Strom

Zahl der Stromsperren im Corona-Jahr 2020 stark gesunken

Wer seine Strom- oder Gasrechnung nicht bezahlt und auf Mahnungen nicht reagiert, dem kann der Versorger den Anschluss sperren. Im Corona-Jahr 2020 haben die Lieferanten weniger oft zu diesem drastischen Mittel gegriffen. Das hat verschiedene Ursachen.
16.09.2021

Die Zahl der Sperren ist bereits in den Jahren vor Corona gesunken. Im Jahr 2014 hatte es noch fast 352.000 Verbraucher getroffen, 2019 waren es 289.000.

Die Energieversorger haben im vergangenen Jahr rund 230.000 Verbrauchern in Deutschland wegen unbezahlter Rechnungen den Strom abgestellt. Das sind fast 20 Prozent weniger Stromsperren als 2019, wie aus Zahlen für den neuen Monitoringbericht von Bundesnetzagentur und Bundeskartellamt hervorgeht, die der Deutschen Presse-Agentur vorliegen. Die Gaszufuhr wurde 24.000 Haushalten gesperrt, das waren gut 22 Prozent weniger als im Vorjahr.

Der stärkste Rückgang seit Jahren ist unter anderem eine Folge der Corona-Pandemie. Durch Corona in finanzielle Nöte geratene Bürger hatten im ersten Halbjahr 2020 ein sogenanntes Leistungsverweigerungsrecht. Ihnen mussten Zahlungen für Strom und andere Leistungen der Daseinsvorsorge gestundet werden.

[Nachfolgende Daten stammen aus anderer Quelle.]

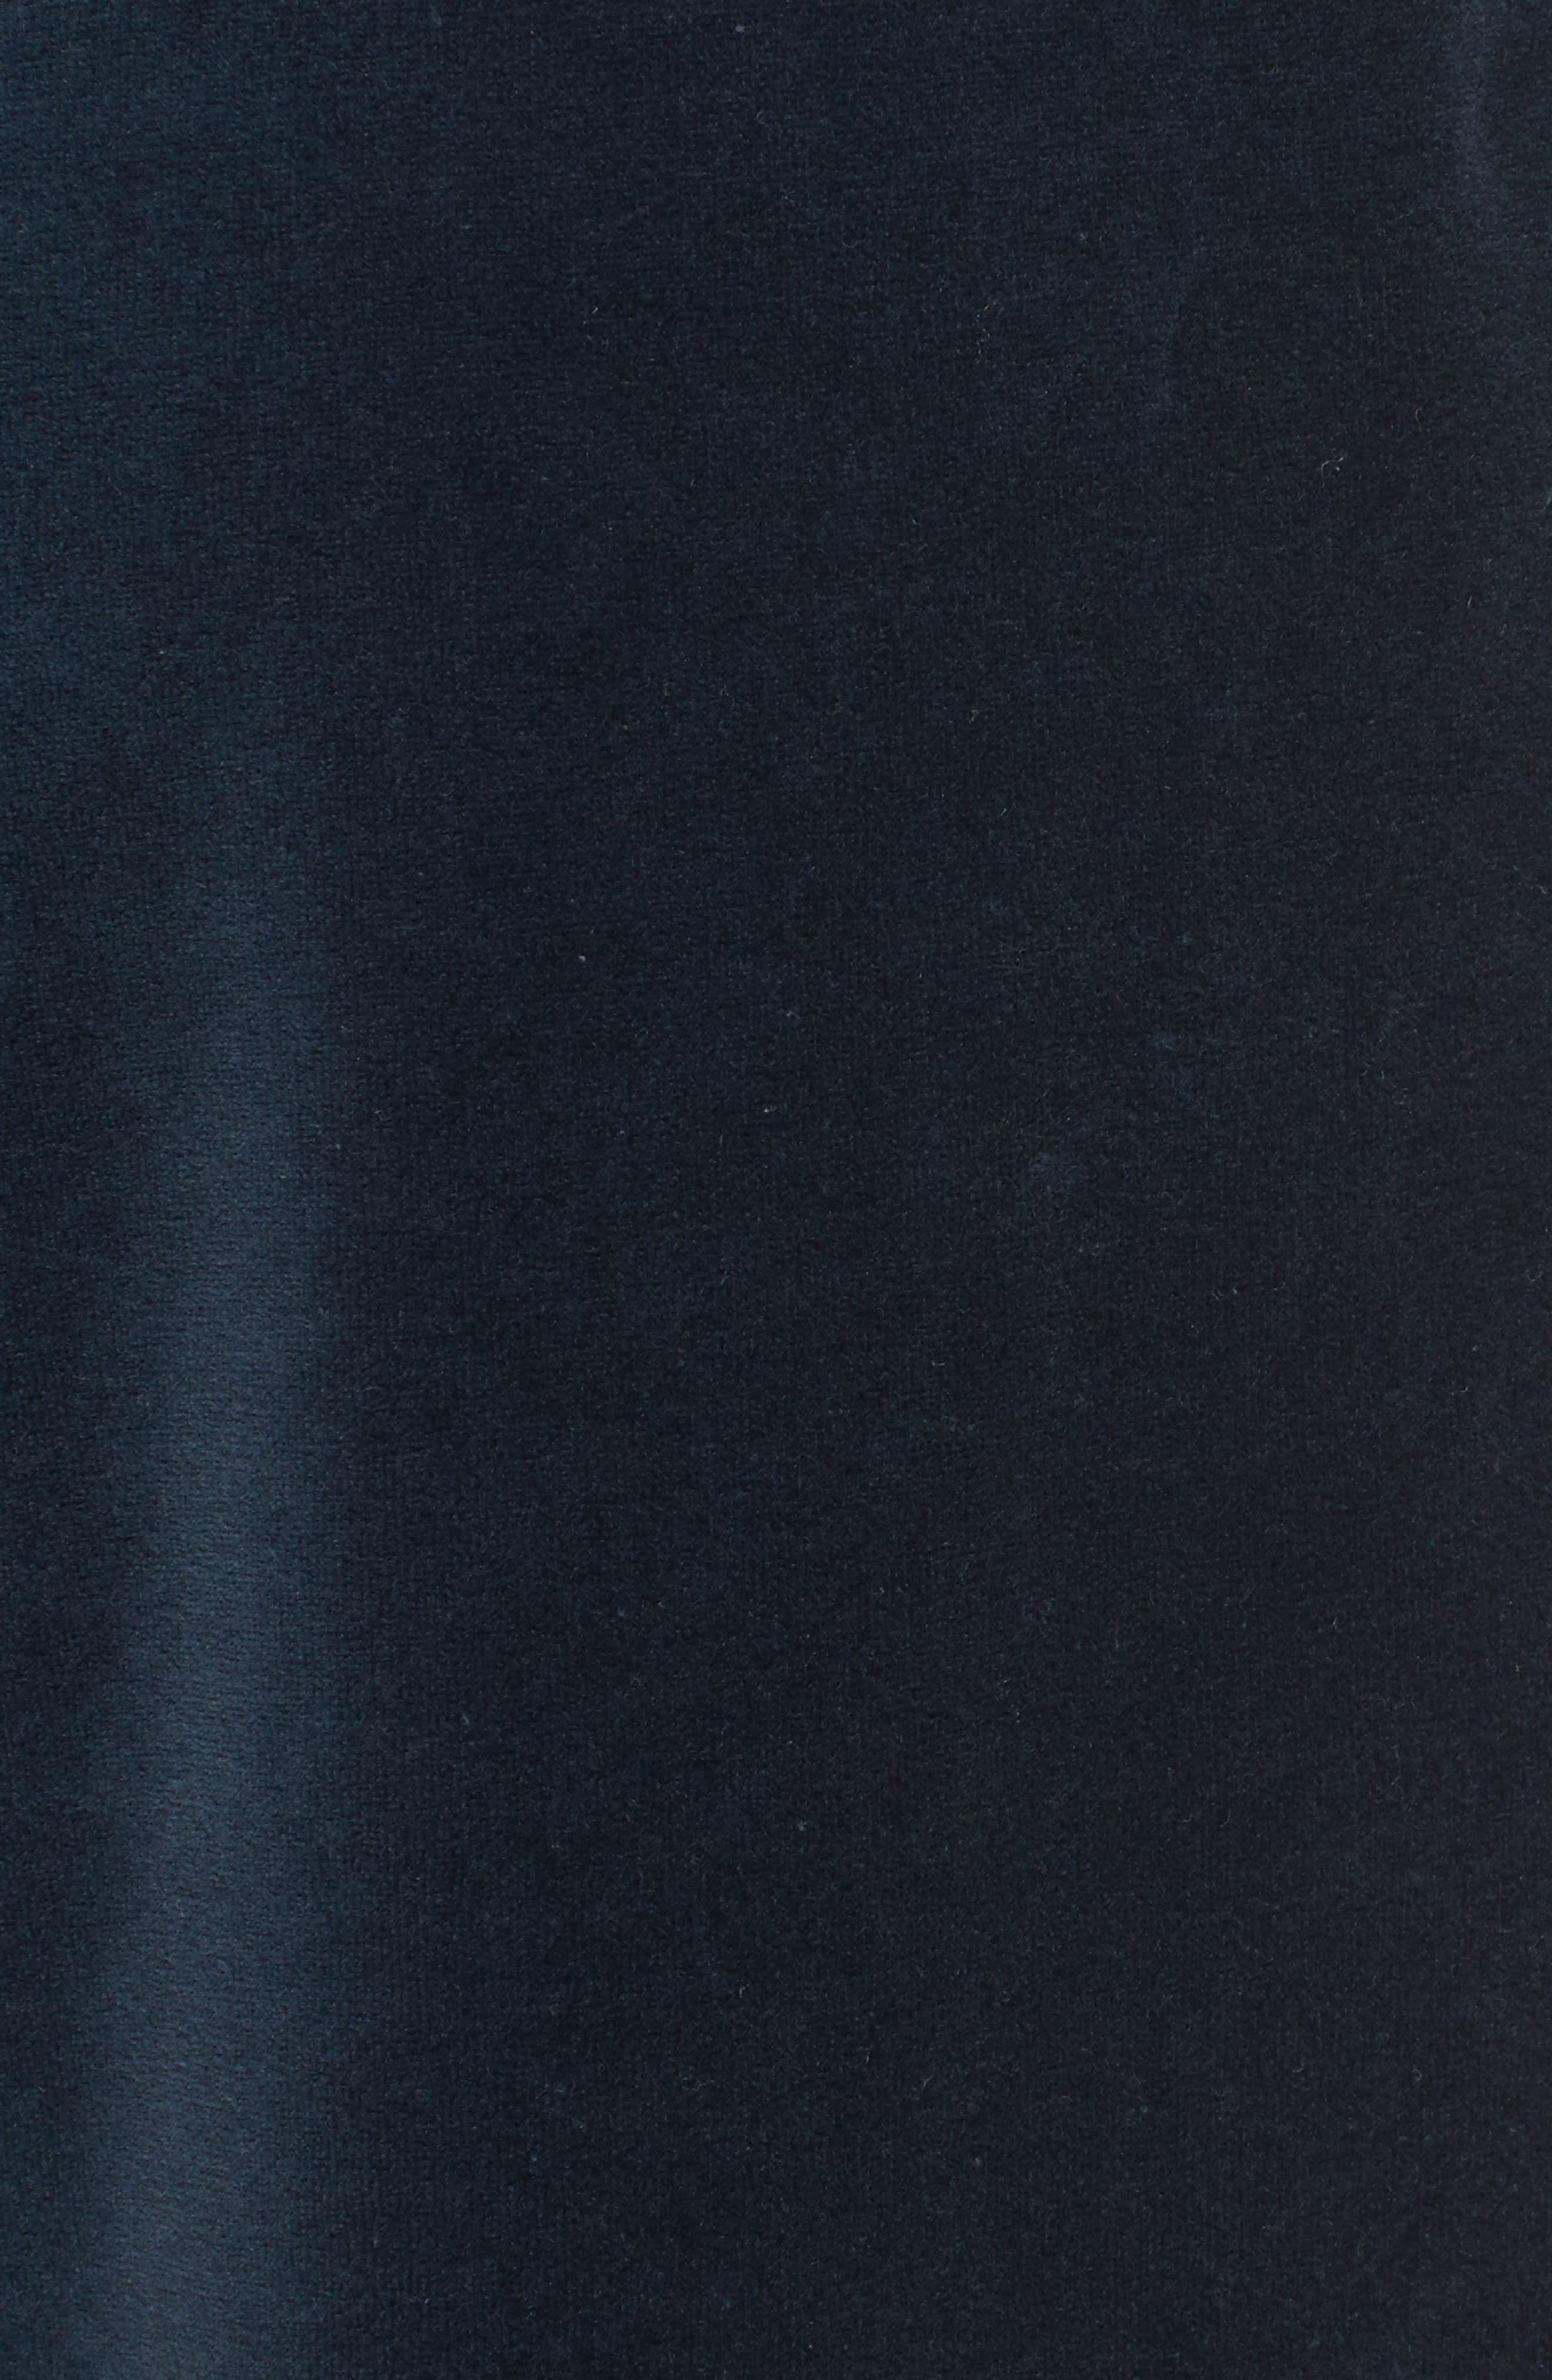 Double Layer Shorts,                             Alternate thumbnail 5, color,                             410

Lieferanten verzichteten freiwillig

Außerdem hätten mehr als 70 Prozent der im Monitoring befragten Lieferanten angegeben, 2020 zumindest zeitweise freiwillig auf Sperrungen ihrer Kunden verzichtet zu haben, heißt es in dem Berichtsentwurf. Einige Versorger hätten auch ihre Kriterien für eine Sperrung im Sinne der Kunden erweitert.

Verbraucherschützer haben wiederholt höhere Schwellenwerte für eine Stromsperre gefordert. Derzeit darf ein Grundversorger ab einem Zahlungsverzug von mindestens 100 Euro den Strom sperren. Das geht aber nicht sofort. Der säumige Kunde muss eine Mahnung und eine sogenannte Sperrandrohung erhalten. Im vergangenen Jahr haben rund 4,2 Mio. Stromkunden eine solche Androhung bekommen.

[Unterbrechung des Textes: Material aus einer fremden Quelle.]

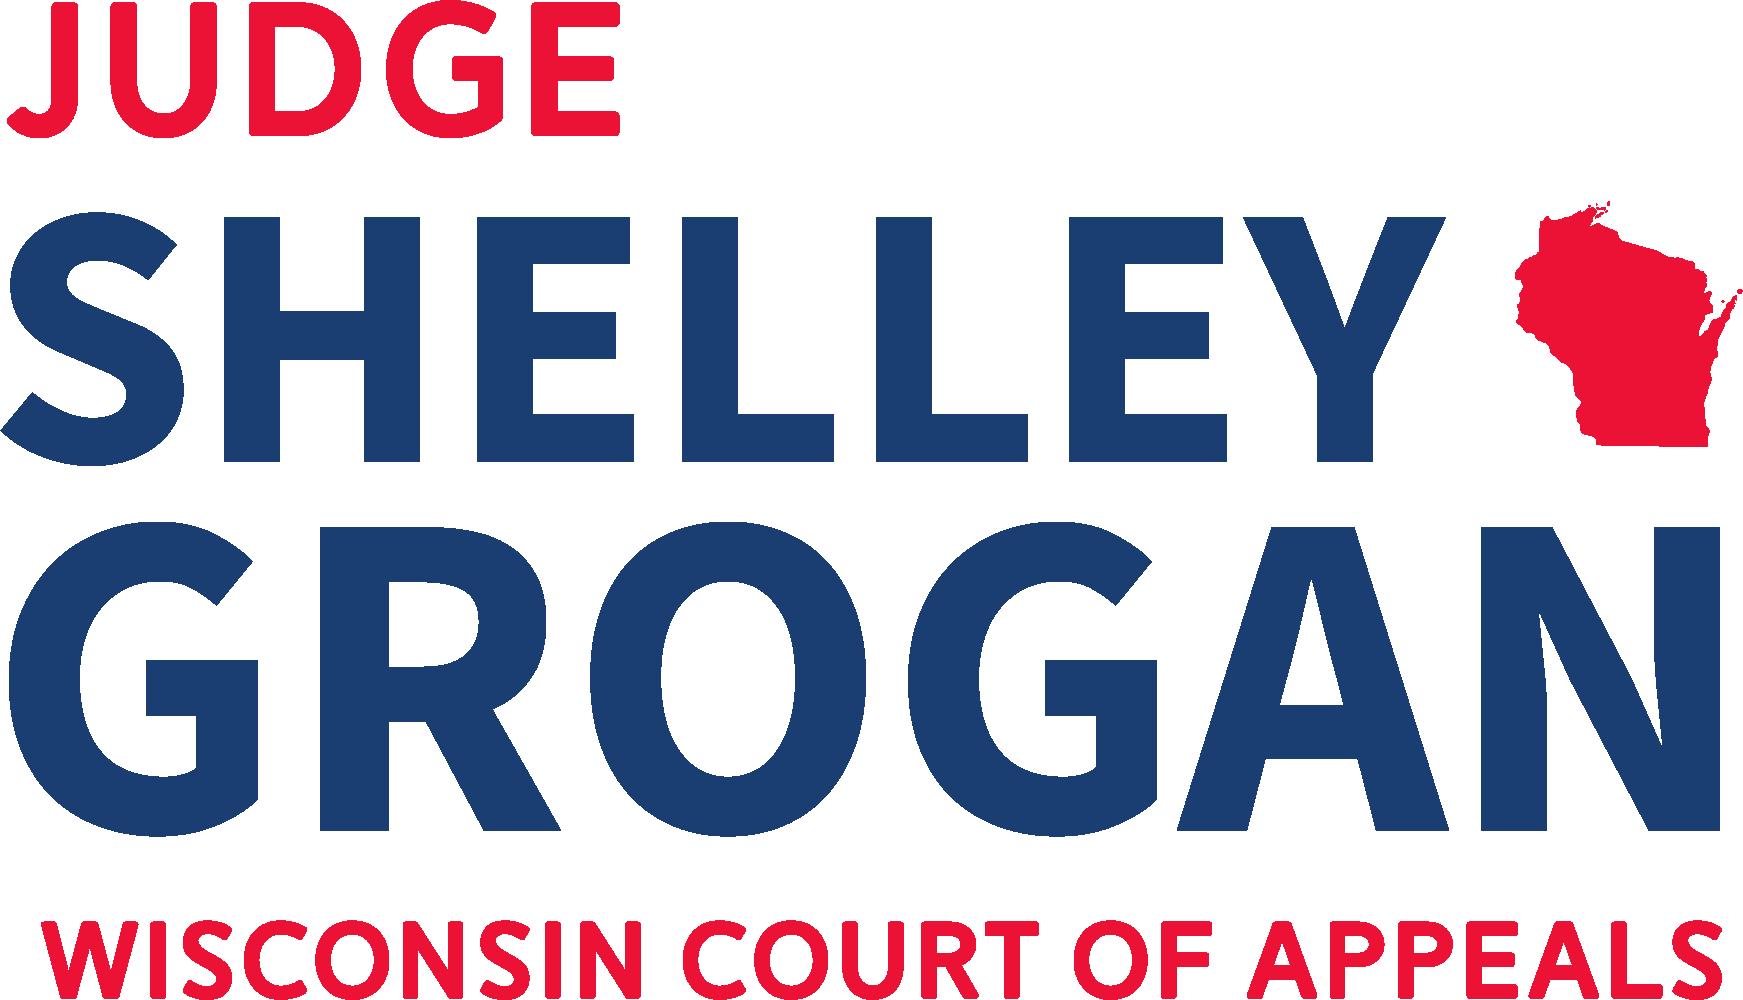 Shelley grogan

"Verdienst der Stromversorger"

Sven Lehmann, Sprecher für Sozialpolitik von Bündnis90/Die Grünen, sagt zu den Zahlen: "Es ist gut, dass die Zahl der Stromsperren im Vergleich zum Vorjahr zurückgegangen ist. Das ist aber kein Verdienst der Bundesregierung, sondern der Stromversorger, die zeitweise freiwillig aufgrund der Corona-Situation auf neue Sperrungen verzichtet haben."

Dennoch sei es gravierend, dass immer noch 230.000 Stromsperren verhängt wurden. "Das sind 230.000 betroffene Haushalte im Corona-Jahr 2020, in dem wir so viel Zeit zu Hause verbracht haben wie nie zuvor. Die sozialen Härten einer Stromsperre wiegen in der Corona-Krisensituation noch schwerer", so Lehmann. Die Stromversorgung müsse unter allen Umständen gewährleistet sein. "Ohne Strom war gerade im Corona-Jahr keine soziale Teilhabe möglich. Das ist ein Armutszeugnis für ein reiches Land wie Deutschland."

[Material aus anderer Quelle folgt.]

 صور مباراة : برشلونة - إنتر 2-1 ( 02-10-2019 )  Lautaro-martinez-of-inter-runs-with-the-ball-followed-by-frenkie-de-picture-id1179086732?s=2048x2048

Bereits vor Corona gesunken

Eine Unterbrechung der Strom- oder Gaszufuhr darf frühestens vier Wochen nach solch einer Drohung erfolgen – wer in der Zwischenzeit zahlt, sitzt auch nicht im Dunkeln oder Kalten. Das Datum der Sperrung wiederum muss dem Kunden drei Werktage davor mitgeteilt werden. Die 230.000 Sperrungen entsprechen laut Bundesnetzagentur rund 0,4 Prozent aller Stromanschlüsse. Bei Lieferverträgen außerhalb der Grundversorgung gelten andere Regelungen.

Die Zahl der Sperren ist bereits in den Jahren vor Corona gesunken. Im Jahr 2014 hatte es noch fast 352.000 Verbraucher getroffen, 2019 waren es 289 000. Beim Gas war die Zahl der Sperren von rund 46.500 im Jahr 2014 auf knapp 31.000 im Jahr 2019 gesunken. Den Monitoringbericht 2021 wollen die Behörden Anfang Dezember veröffentlichen.  (dpa/gun)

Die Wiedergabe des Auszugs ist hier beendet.